Ringling College outsources to an alumni-owned business for success

05 May 2010,   By ,   0 Comments

Ringling College of Art and Design has always believed in supporting alumni-owned businesses. A mainstream e-communications contract with a Hispanic ad agency founded by Ringling alumni has proved to be more than good will. It is good business.

Pedro Perez launched Nuevo Advertising Group along with his wife Roseanne in 2001. “E-commerce is not new,” he says. “It’s how we do it that makes the difference.” A multicultural approach and success level makes this campaign notable in my judgment as well.

Here’s some history. Nuevo did not start as a Hispanic agency, and its moniker does not really do the company justice. Boyd Gaming, owners of numerous casinos including Stardust, was one of the early clients. The agency managed the web presence, online promotions and customer rewards — in English. The shift to Hispanic marketing came as Sarasota media and businesses continuously asked Perez to translate English campaigns into Spanish for the significant Latino population in Florida.

Literal translation was not good enough. Perez felt that trans-culturization was necessary for effective communications. A sensitivity to culture, whether Latino or Anglo, distinguishes the Nuevo approach. Thus, Nuevo Advertising Group and a spinoff, Nuevo Translation.

Back to Ringling. Christine Meeker Lange, special assistant to the president for media and community relations, joined Ringling College after an earlier career with several media companies. “Ringling was good academically. But from an e-marketing and communications side, it was weak. We couldn’t even send an HTML email,” she recalls. Over a year and a half she has convinced one department after another of the need to shift from print to electronic to improve communications and save on printing and postage.

Initially, she paid Perez a small retainer to consolidate and manage certain college databases, and to begin experimenting. An adult continuing education campaign garnered 400 registrations – a 20 per cent lift over the usual. Gradually alumni, career services and some other departments joined in to share news, promote events and maintain relationships using e-mail.

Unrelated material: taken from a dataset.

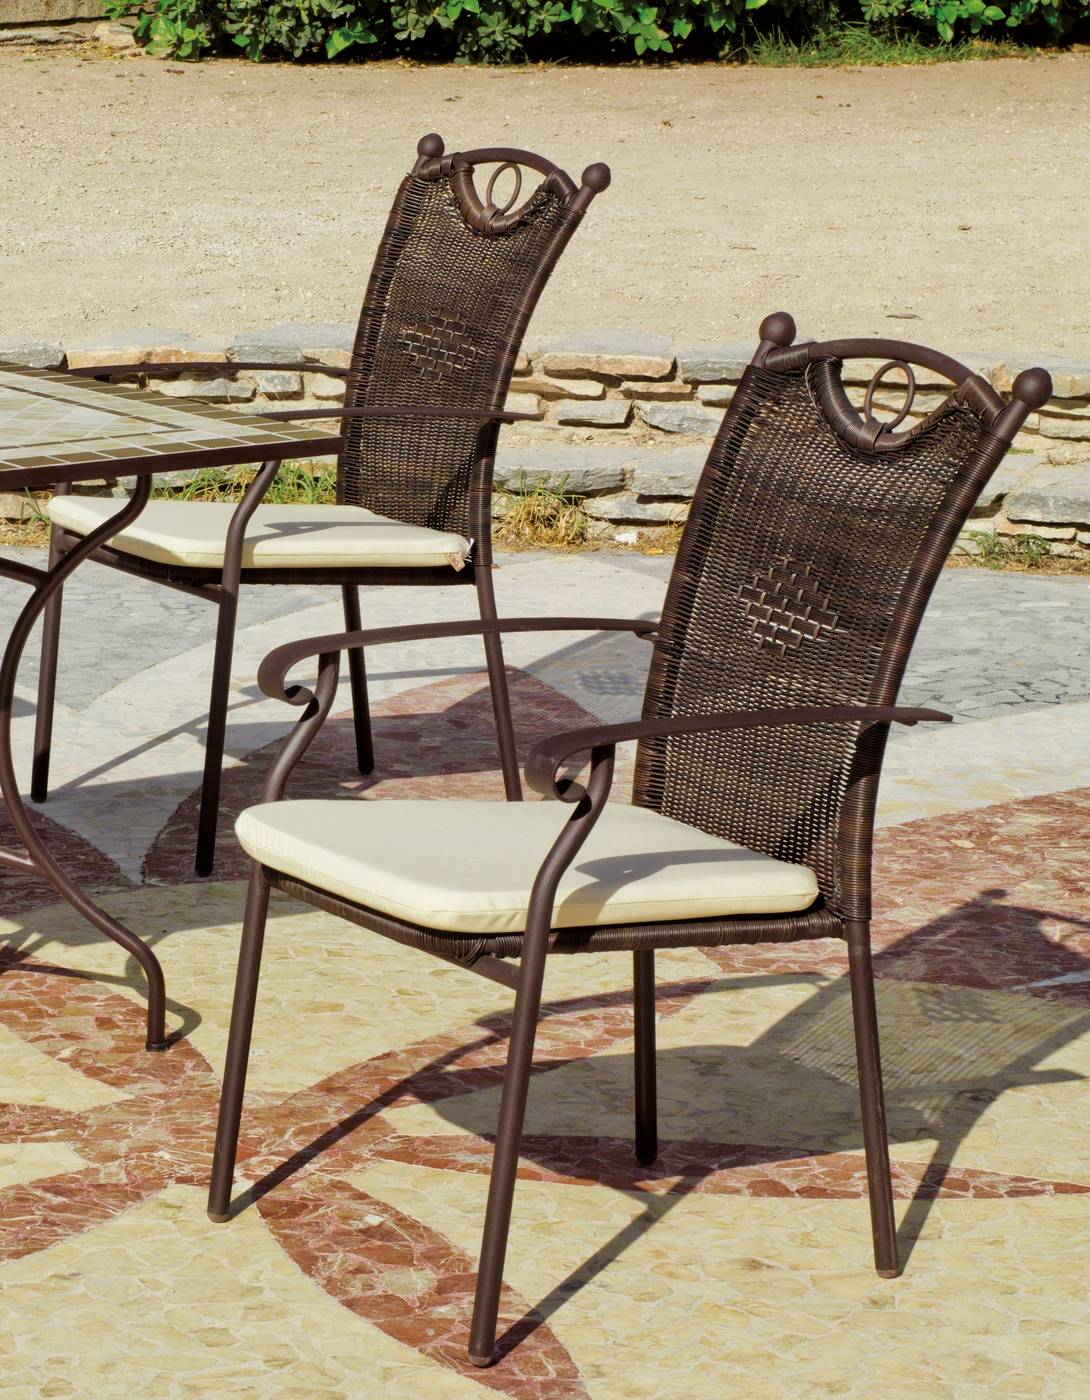 Set Mosaico Roland/Beldey-200 - Conjunto para terraza o jardín de forja color bronce: 1 mesa + 6 sillones + 6 cojines. Mesa válida para 8 sillones.

Nuevo now manages all of Ringling’s electronic communications, other than admissions. Messages are based on a rich understanding of the audience, explains Perez. “We control what, when and how they receive. We do not overwhelm recipients with multiple e-blasts. There is also room for one-off opportunities.” Nuevo fine tunes by day of week and time of day using sophisticated analytics. Messages are in either English or Spanish. They have what Perez calls unfettered control of all electronic messaging to analyze open rates, clickthroughs and forwarding to really see what is resonating with recipients.

There are operational benefits as well. Ms. Lange observed that even an event invitation became a laborious manual task of collecting RSVPs from multiple sources, including post cards and telephone calls, then logging into a crude spreadsheet. Now the e-response device automatically populates a spreadsheet to manage acceptance rates and other analytics.

An expanded Nuevo now manages a variety of marketing activities: Continuing Studies and Special Programs e-marketing and Google AdWords campaigns; recruiter links to students and graduates; student exhibitions; press releases and more.

Most important than technology is a thorough understanding of the Ringling community. Pedro and Roseanne attended Ringling. They, like so many alumni, students and faculty, are bicultural and bilingual. They know, like so many others are discovering, that training in the arts combined with left-brained business skills make a powerful combination.